Первый вопрос: КТО? Кому понадобилось убивать Илью?
Но у меня нет времени выяснять. Я разберусь после – о, даже не сомневайтесь. Второй по важности вопрос: ЧТО МНЕ ДЕЛАТЬ? Волнуетесь? Зря. Небось забыли, я умею превращаться в людей. И мне никто не помешает создать из себя столь же мускулистого киллера, хоть и без оружия, – я легко копирую одежду, а не сложные предметы вроде револьверов. Ничего, справлюсь руками. Дайте пять секунд, и я…
«Молодой» посетитель Ильи убирает снимок, достаёт из кармана пистолет и протягивает напарнику необычным жестом – на сложенных вместе ладонях.
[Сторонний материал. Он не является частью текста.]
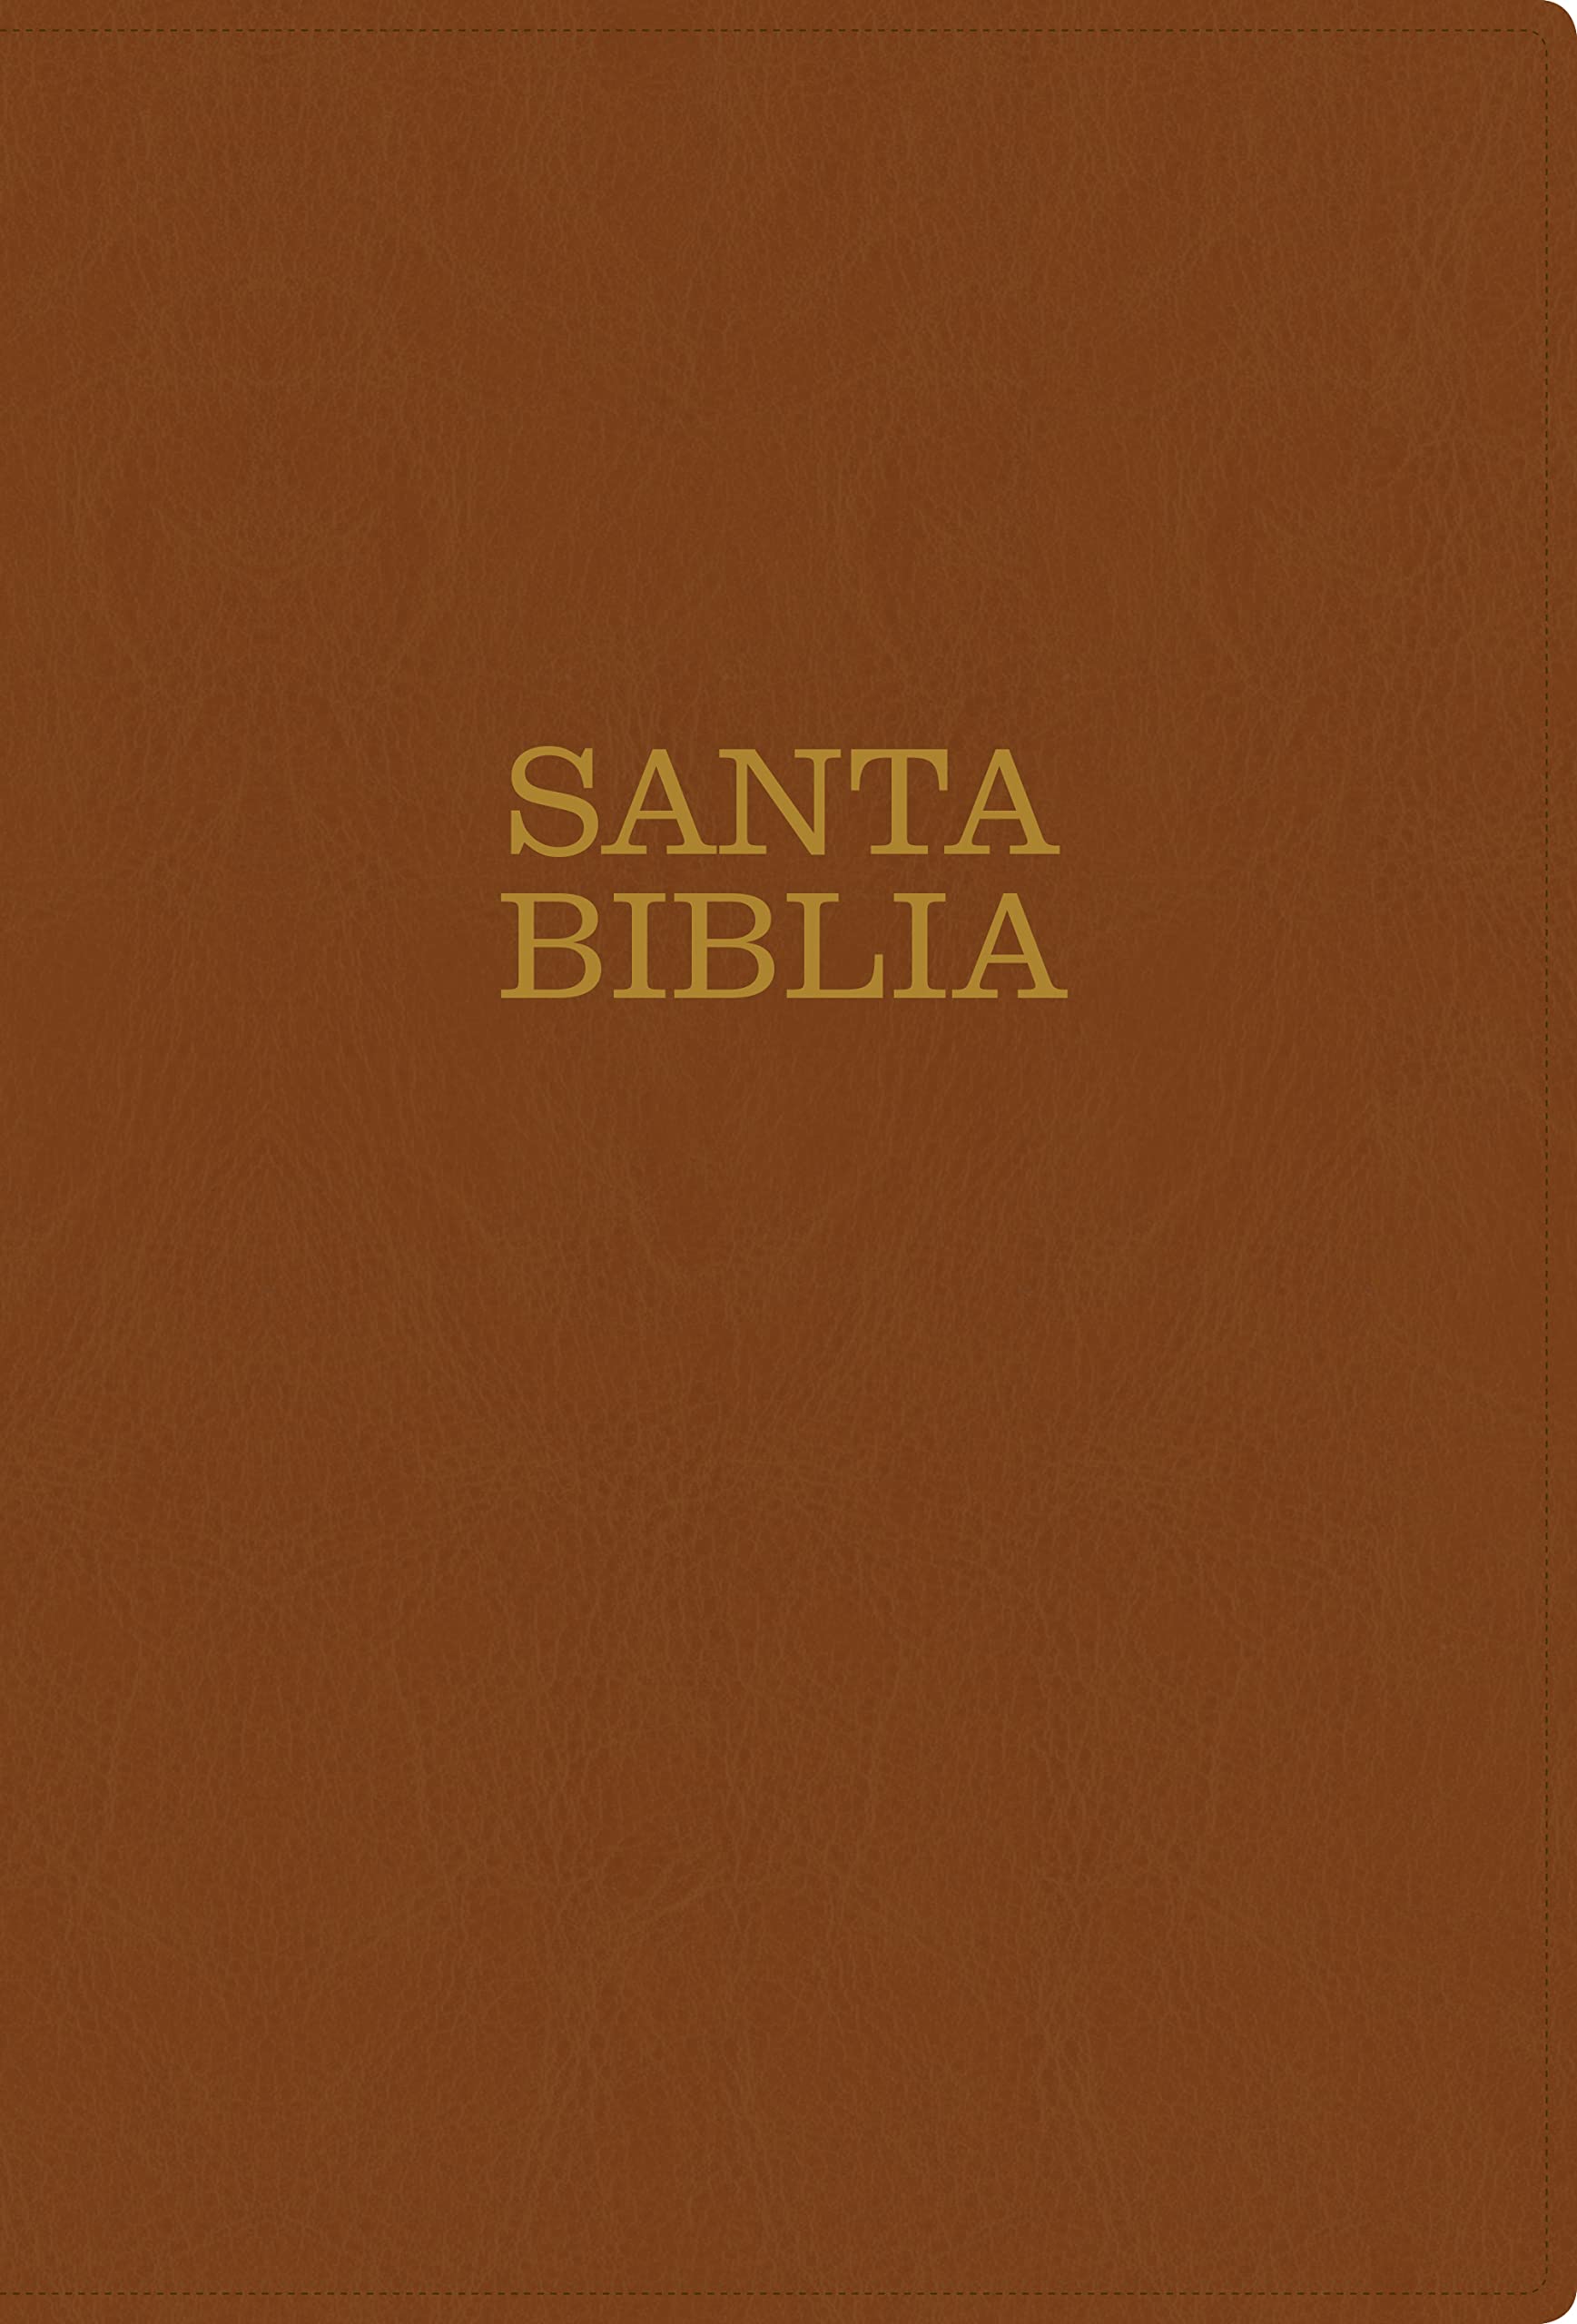 Biblia NTV Letra super gigante café claro - Librería Libros Cristianos - Biblia
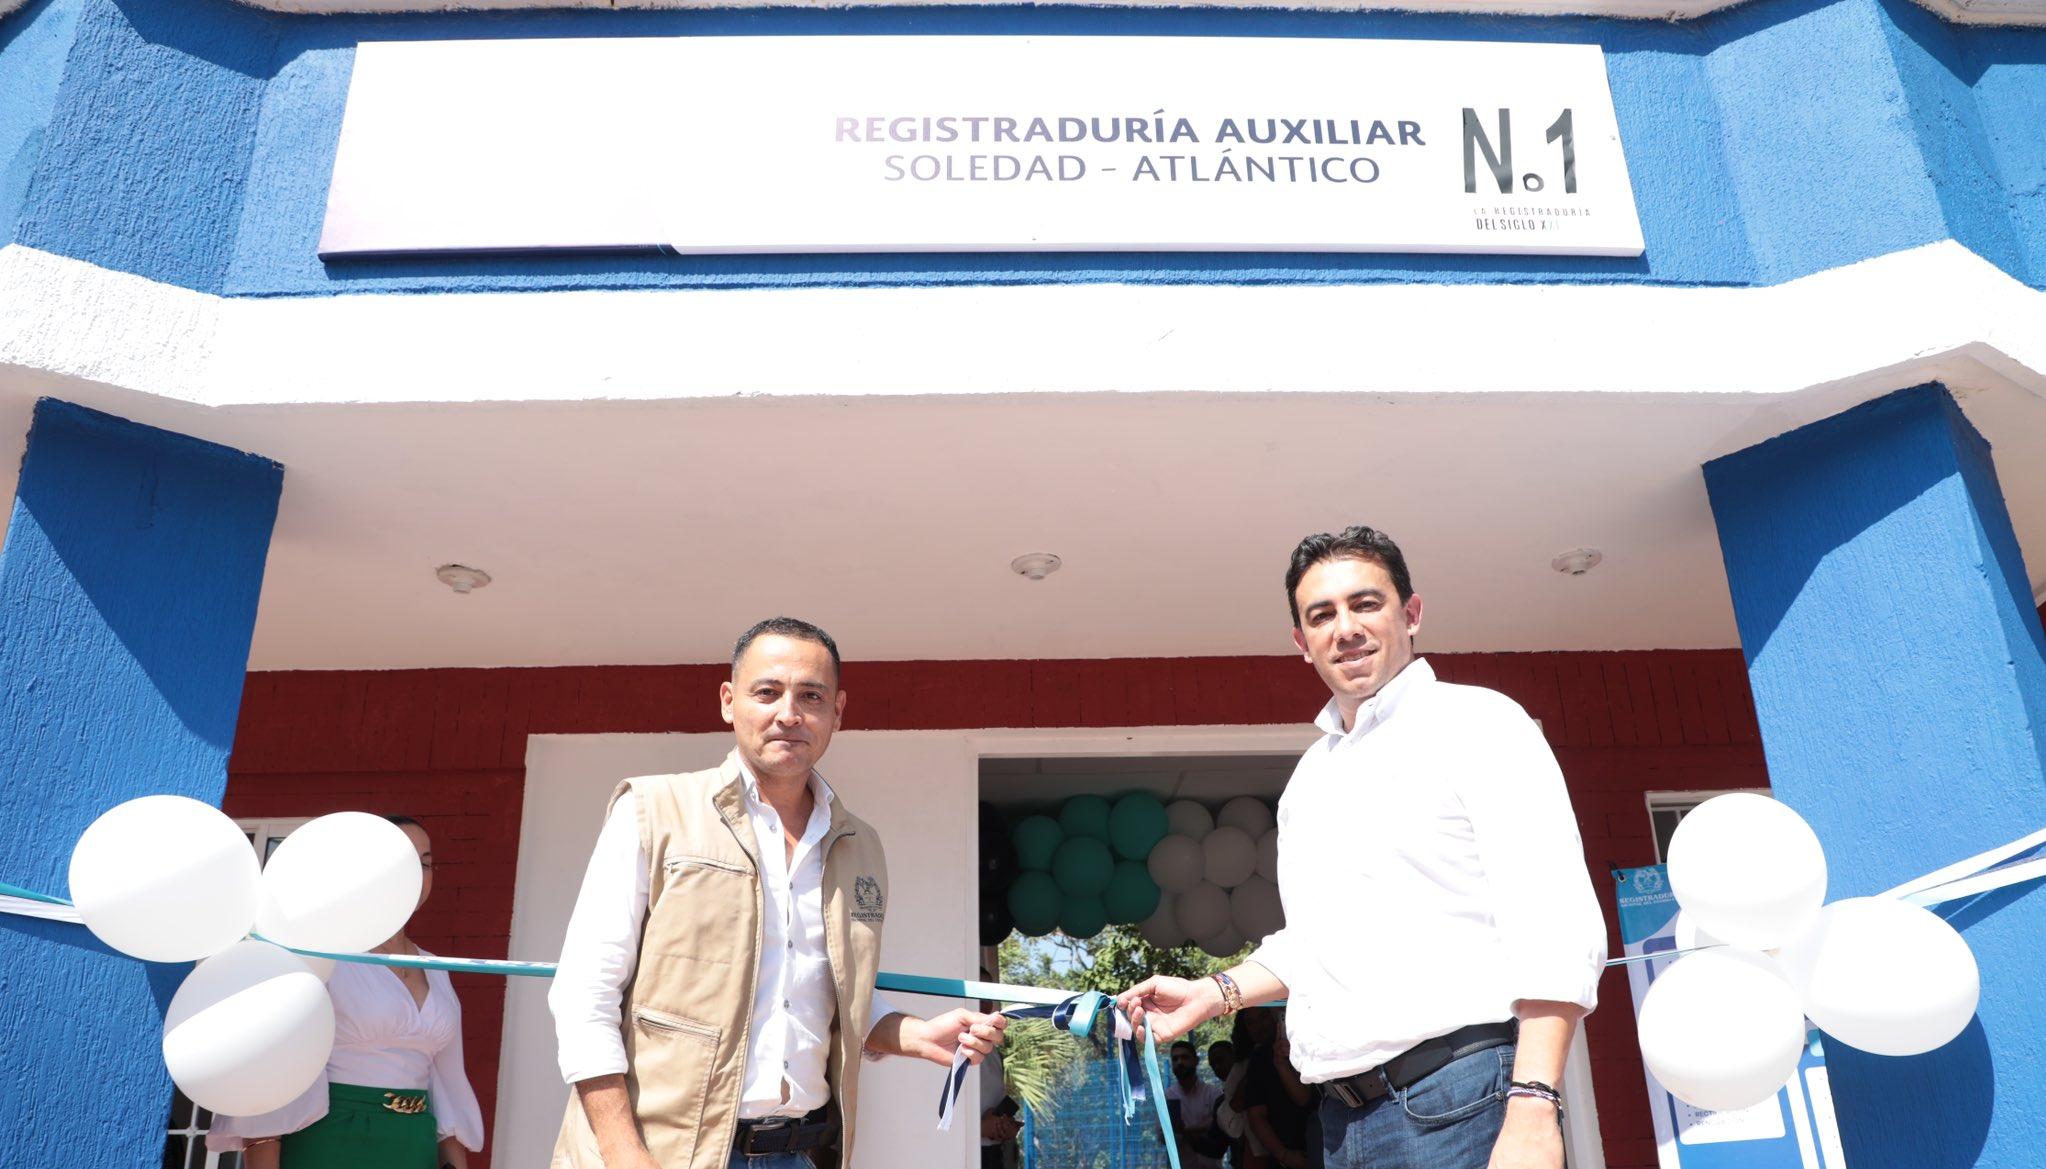 Alexander Vega Rocha, Registrador Nacional inaugurando la sede en Soledad.

Вижу модель – «макаров» на восемь патронов, с привинченным глушителем. Старая, но надёжная вещь, глушитель болгарский, времён Советского Союза. Сейчас их можно купить только у коллекционеров. Рукоять «макарова» в царапинах – чувствуется, долгое время был в деле. Убийца прежнего формата, такие не бросают «пушку» на месте преступления, для них «ствол» – как верная собака, они в минуты отдыха с ним даже разговаривают. «Кабан» берётся за оружие рукой в перчатке. Занятная пара, прямо английский джентльмен и дворецкий, всё подающий хозяину на подносе. Дживс и Вустер преступного мира, ага.
«Вустер» проверяет магазин пистолета – тихо, без единого щелчка, – и кивает «Дживсу». Киллер не поколебался. Я достаточно повидал таких людей: это машина. Он не испытает угрызений совести. Нет, мужик не наслаждается тем, что делает. Но и не рыдает ночью в подушку, – мёртвые ему не снятся. Всего лишь банальнейшая работа.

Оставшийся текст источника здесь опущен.